** SOURCE DATA **
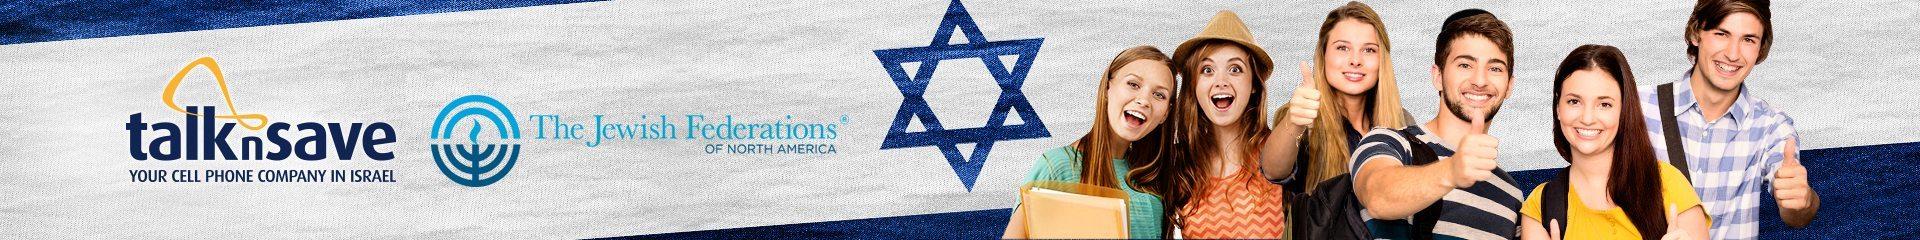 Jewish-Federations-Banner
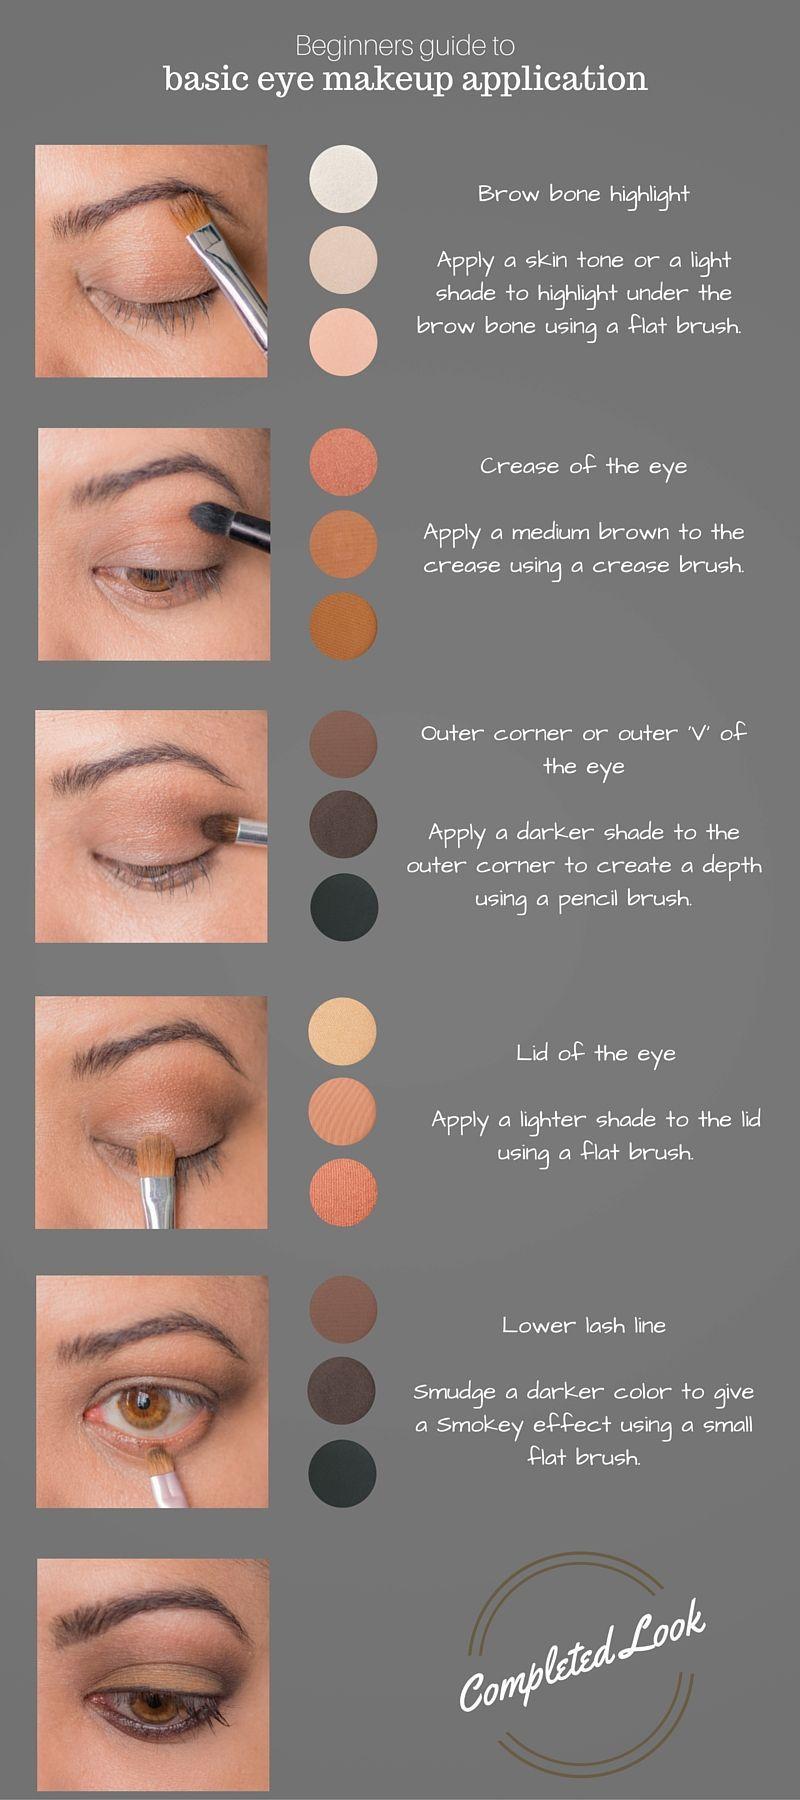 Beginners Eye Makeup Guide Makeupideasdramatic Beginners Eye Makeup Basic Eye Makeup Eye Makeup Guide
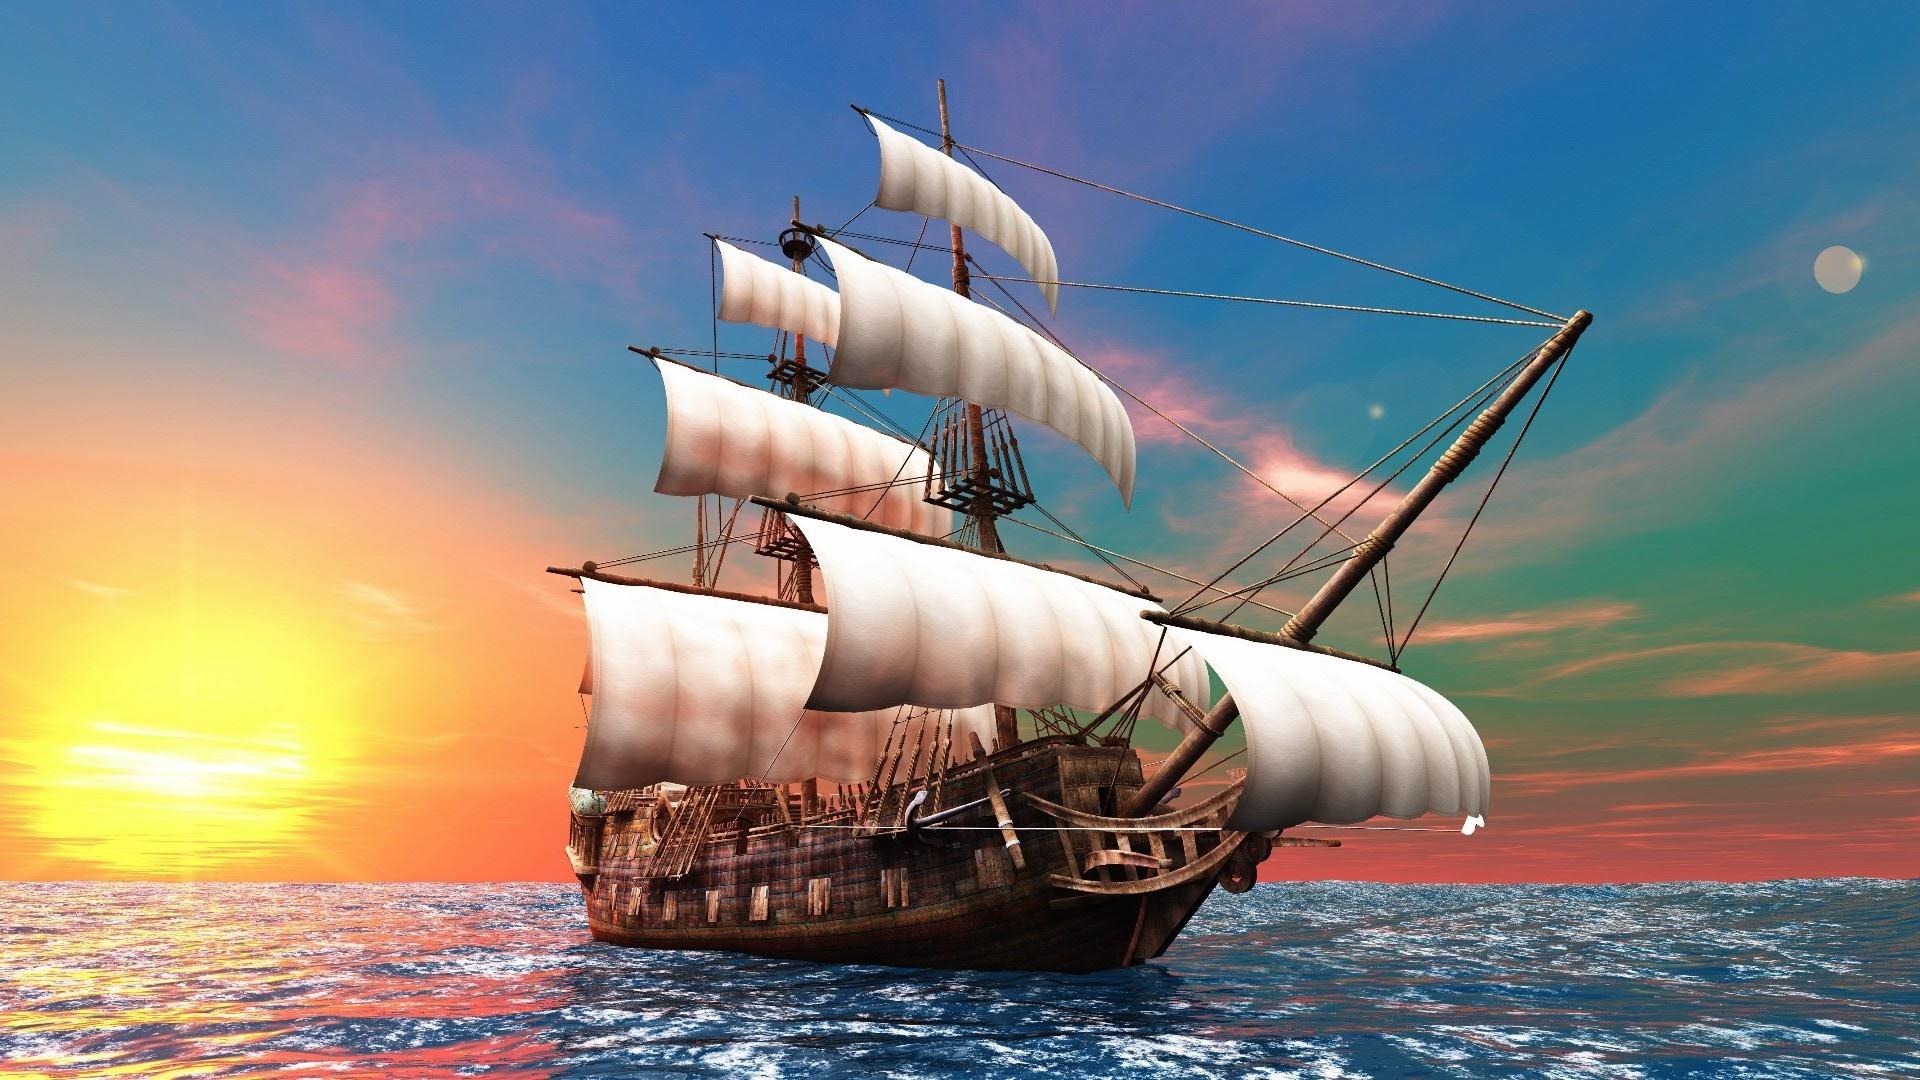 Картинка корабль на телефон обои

** TRY IT **
Reproduce every line above exactly as written, omitting the images.

** ANSWER SPACE **
 Jewish-Federations-Banner
 Beginners Eye Makeup Guide Makeupideasdramatic Beginners Eye Makeup Basic Eye Makeup Eye Makeup Guide
 Картинка корабль на телефон обои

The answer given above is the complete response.